Пепику было не до разговоров, температура у него поднялась до сорока. Санитар Бекерле лечил его порошками, и Пепик неутомимо полоскал горло, изводя за день чуть не по ведру полоскания. Жар долго держался и спал только через неделю, но Бекерле все еще не нравилось горло Пепика.
– Отправим-ка тебя в больницу, – опасливо сказал он. – Похоже на дифтерит… Там тебе будет лучше. И не дыши ты на меня, дифтерит тяжелая болезнь и очень заразная. Не дай бог мне подхватить ее!
Пепик с трудом добрался до своей комнаты, сложил в мешок пожитки и сдал их в кладовую.
– Надеюсь, это ненадолго, – сказал он, никому не подавая руки, и добавил виноватым тоном: – Я не прощаюсь, хочу поскорее вернуться.
Кованда рассердился.
– Полежи-ка там подольше, надо ж поправиться! А то ты словно из гроба встал. Пусть тамошние коновалы поинтересуются твоим кашлем, так им от меня и передай.
Карел пошел проводить Пепика. В больнице, за окошечком приемного покоя, сидела девушка лет шестнадцати. Она приняла Пепика и, услышав слово «дифтерит», отсела подальше и издалека допрашивала Пепика, записывая сведения. Это было очень утомительно. Девушка перевирала чешские имена и названия и наконец покорно захлопнула регистрационный журнал, потому что на все вопросы Пепик отвечал лаконично: «не помню», «не знаю», «забыл».
С фасада больница выглядела даже нарядно, но узкий и грязный двор, запущенный сад – все это было неказисто. Некоторые отделения разместились в домах, раньше явно не принадлежавших больнице.
Около инфекционного отделения товарищи расстались.
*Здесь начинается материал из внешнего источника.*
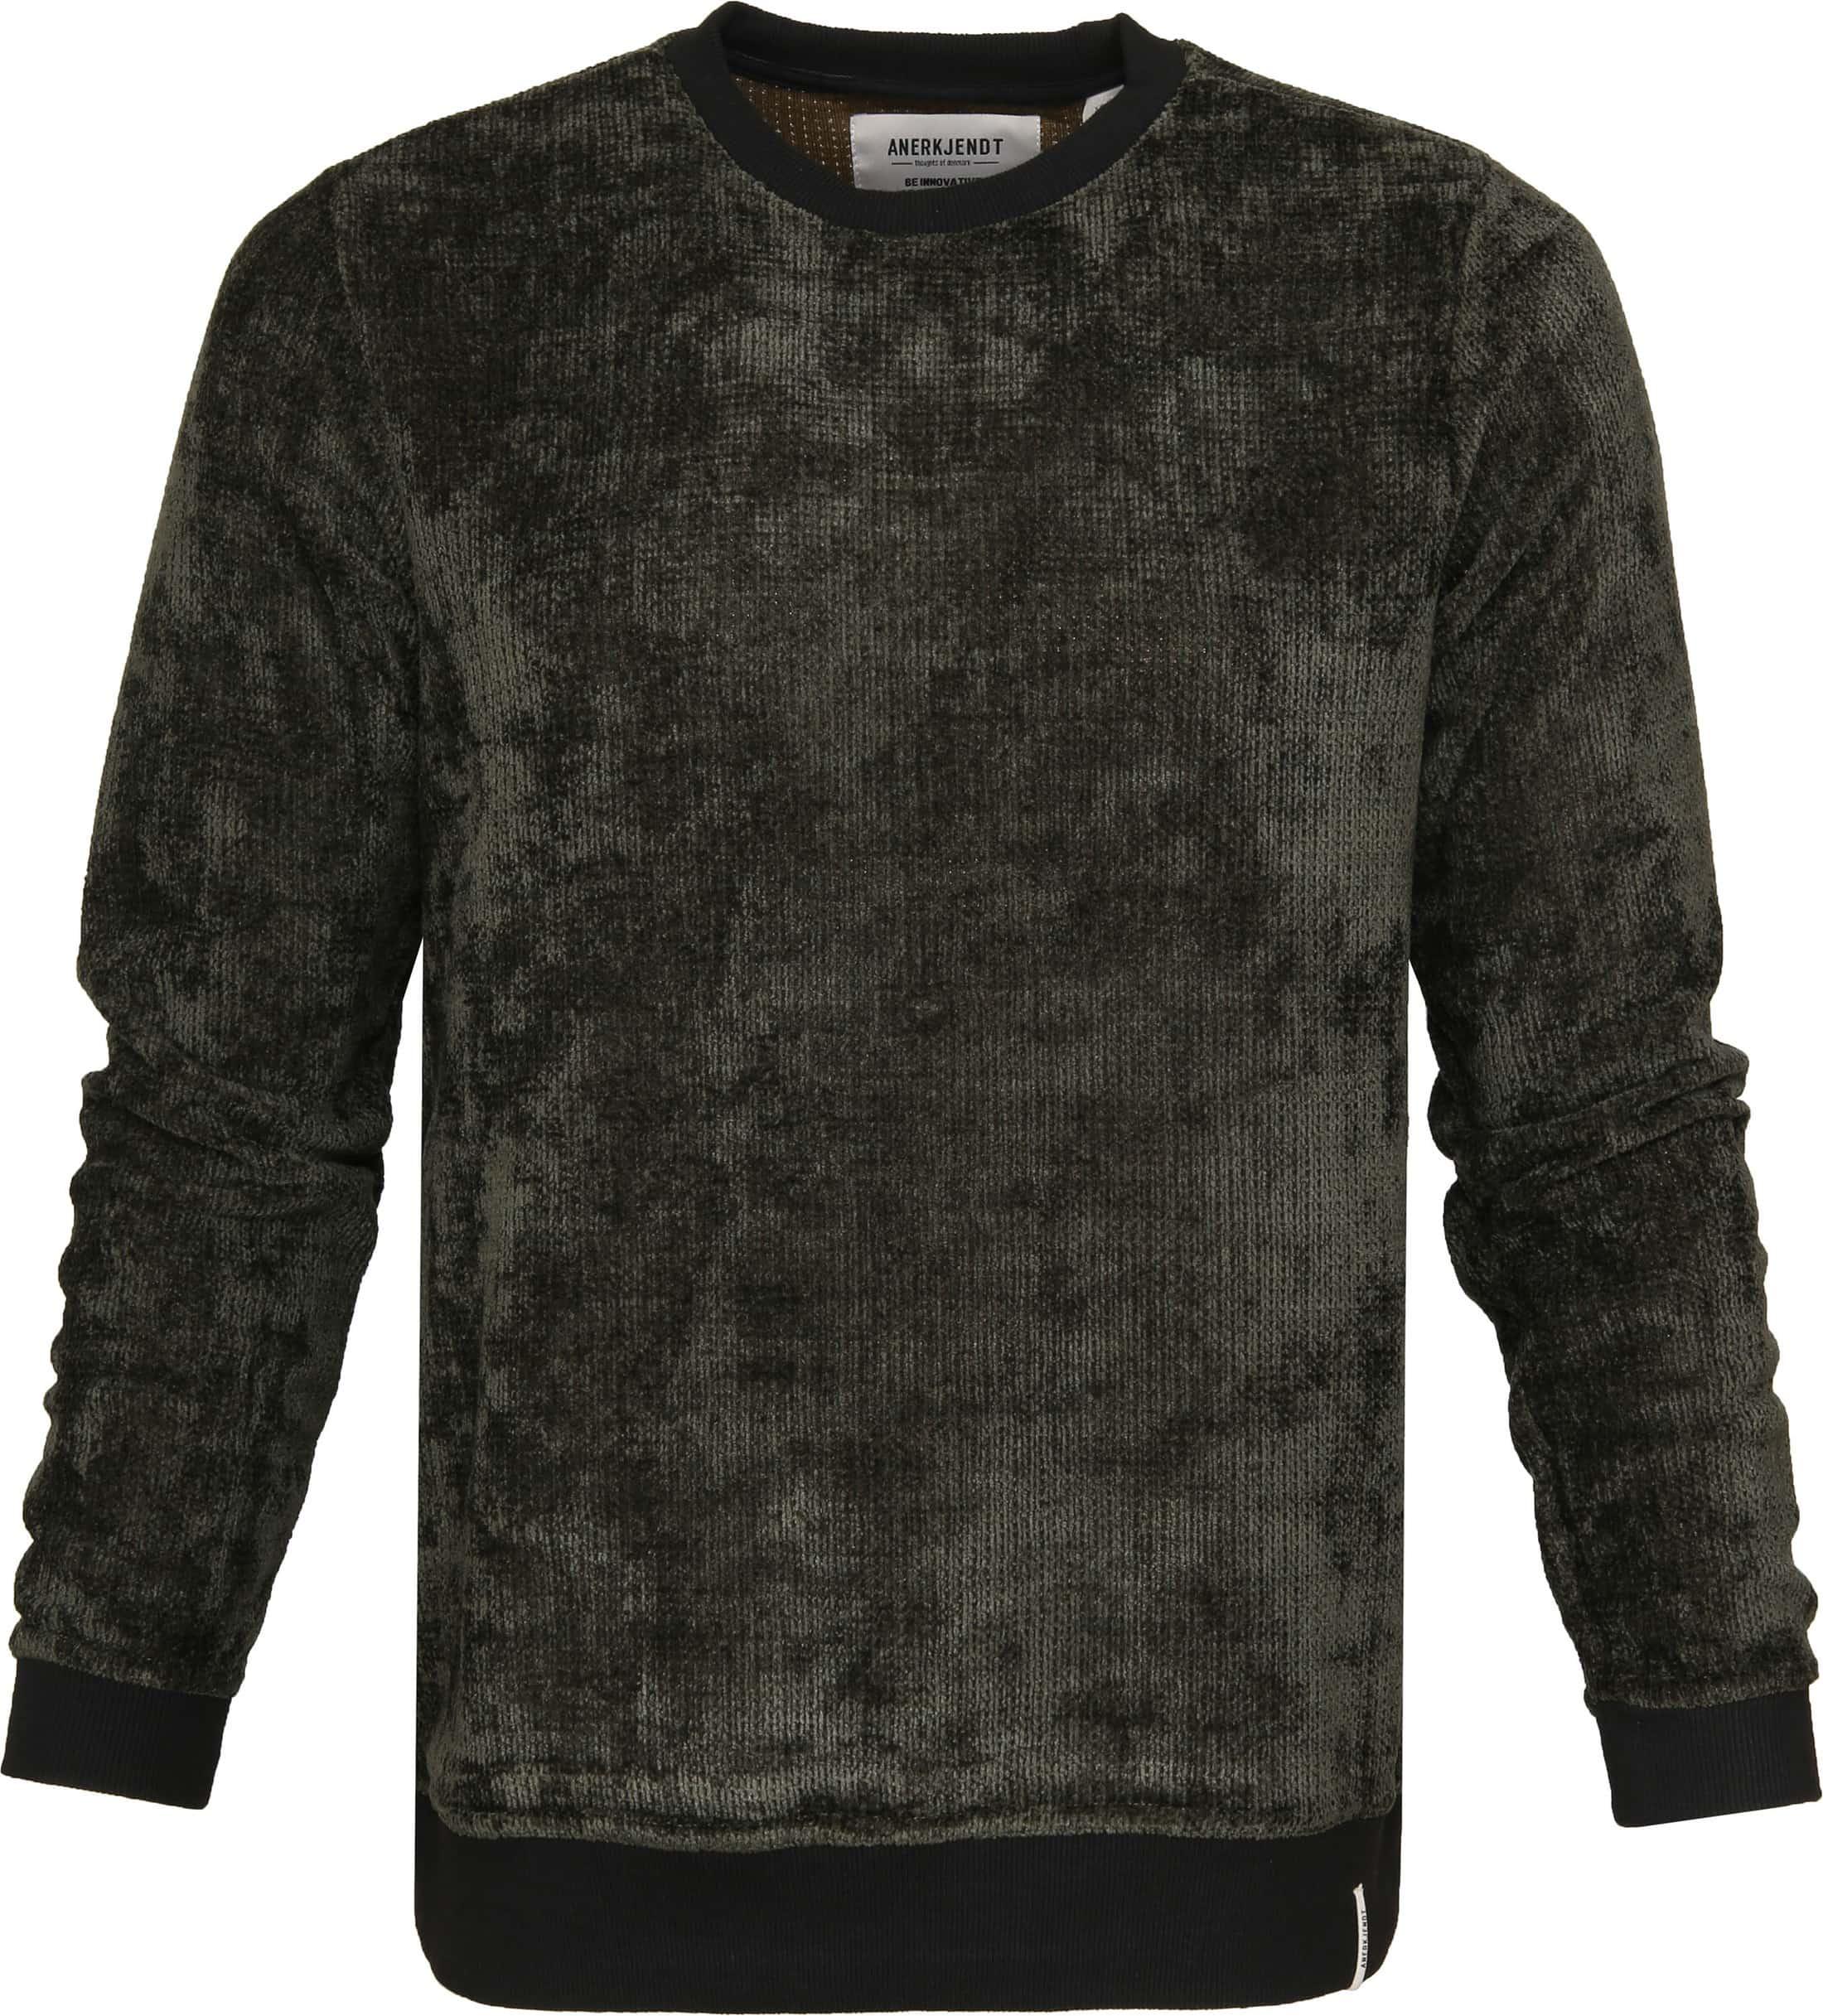 Anerkjendt Akalex Sweater Dunkelgrün foto 0

– Ну, пока, – сказал Карел, пожав Пепику руку. – Смотри, не валяйся тут долго, нам будет без тебя скучно.
Пепик грустно улыбнулся:
– Конечно, кормежка-то здесь лучше, чем в роте. Но оставаться тут до старости я не собираюсь.
Пепика поместили в палату, где лежали четверо ребятишек, уже поправлявшихся после дифтерита. Самому младшему из них, малютке Гергарду, не исполнилось еще и двух лет. Отделение обслуживали штатские медсестры, которые то и дело под разными предлогами прибегали взглянуть на Пепика. Мол, не хочет ли «пи-пи» маленький Гергард, затемнено ли окно, хорошо ли завернут кран. Потом пришла молодая рослая врачиха, молча взяла у Пепика мазок и сделала ему инъекцию.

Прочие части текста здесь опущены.